May 29 (Bloomberg) -- Banca Popolare di Milano Scrl fell to the lowest in more than four months after former Chairman Massimo Ponzellini was placed under house arrest as part of a probe into transactions of Italy’s oldest cooperative bank.
The stock fell as much as 12 percent to 29.4 cents, the lowest since Jan. 16, making it the worst performer on Italy’s benchmark FTSE MIB Index. Pop. Milano traded down 3.1 percent at 32.3 cents at 4:19 p.m., giving the bank a market value of about 1 billion euros ($1.3 billion).
The investigation, conducted by prosecutors in Milan, is focused on bribes of 5.7 million euros that the bank’s executives allegedly received after granting financing to several firms, Italian financial police in Milan said in a statement today.
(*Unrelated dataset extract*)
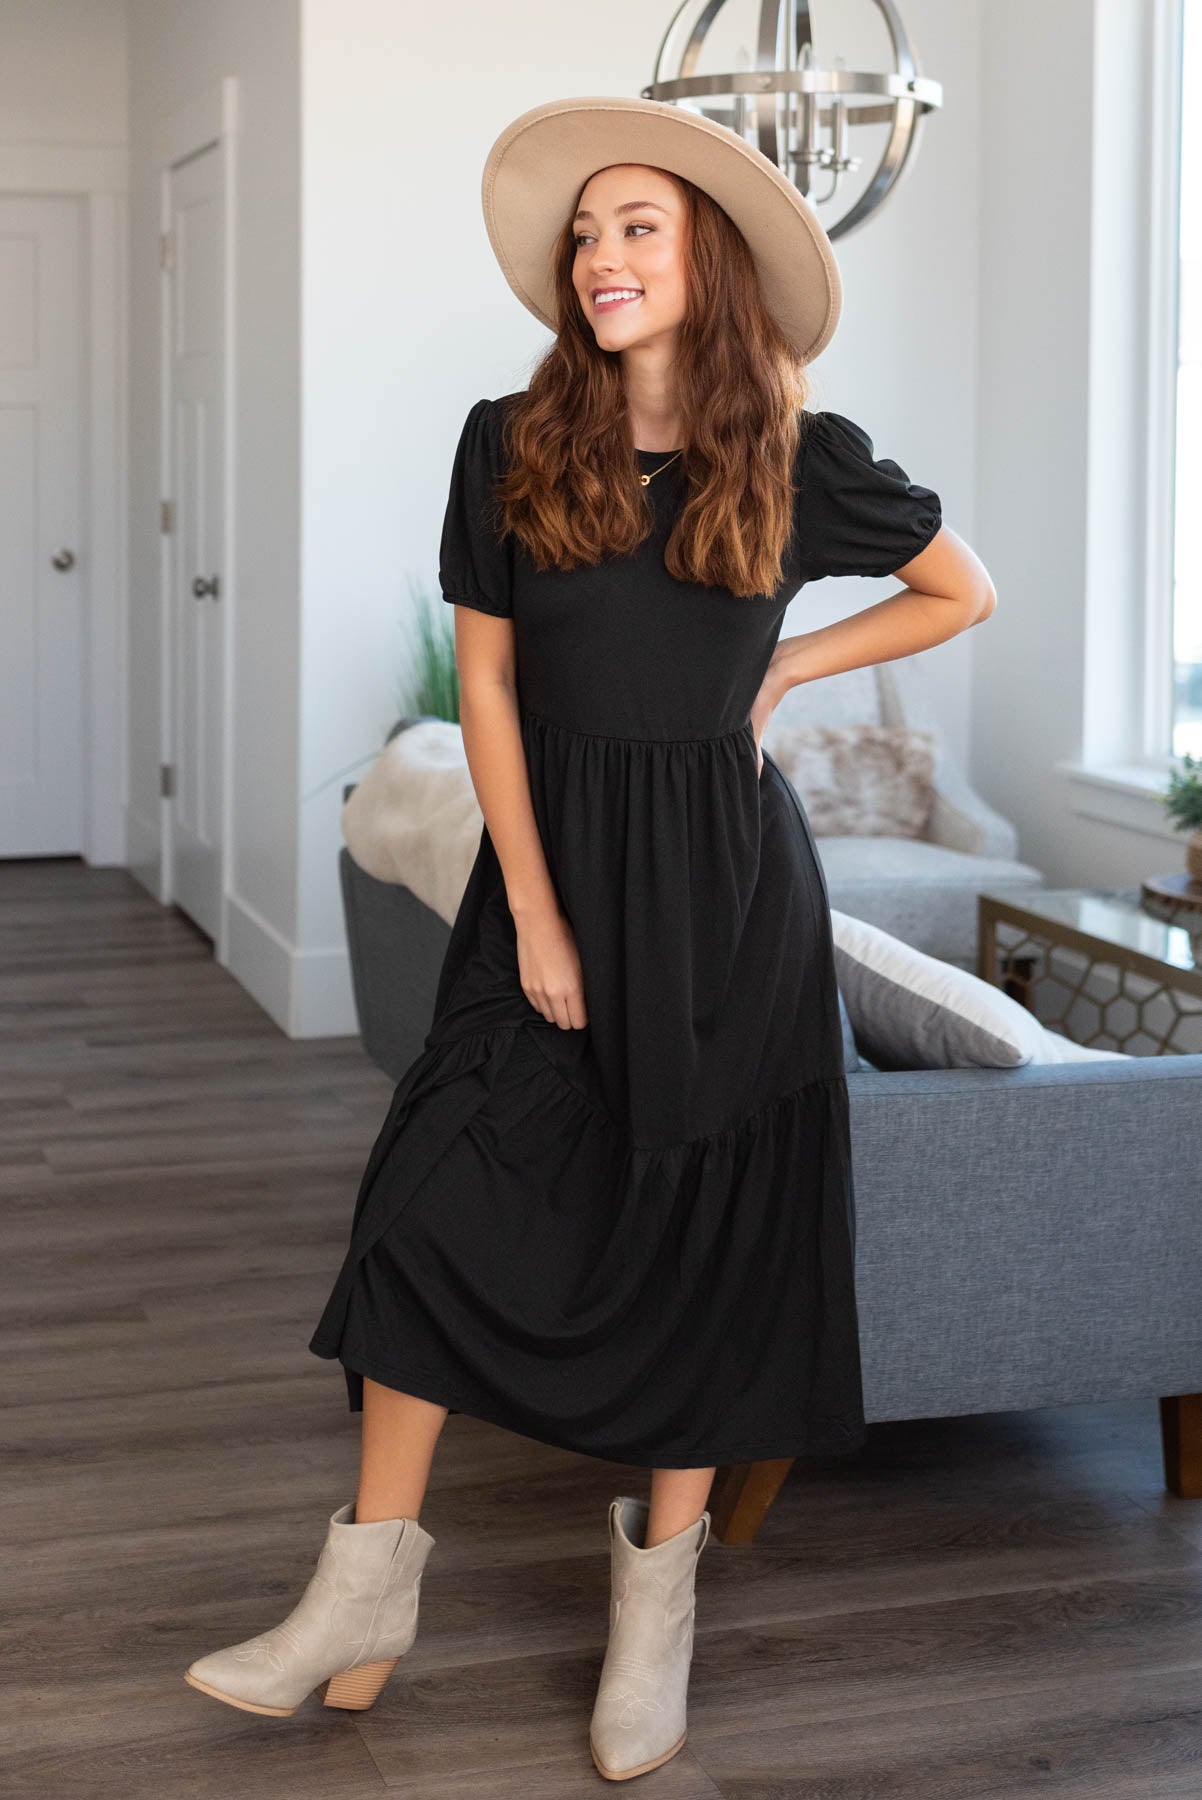 Black dress with short puff sleeves

Ponzellini, who was chairman of Pop. Milano until October 2011, is accused of corruption, money laundering and criminal association, a financial police official in Milan said by phone.
“I don’t think the probe can affect the bank’s performance,” said Vanni Lucchelli, a partner at Compagnia Fiduciaria Lombarda SpA in Milan. “The news confirms the lack of transparency and the poor governance of previous management.”
Pop. Milano sees no financial impact from the probe, it said in a statement. The lender said it is a damaged party in the investigation and is cooperating with authorities.
A spokesman for Ponzellini, who is also chairman of Impregilo SpA, didn’t return two calls seeking comment. A Pop. Milano spokesman declined to comment.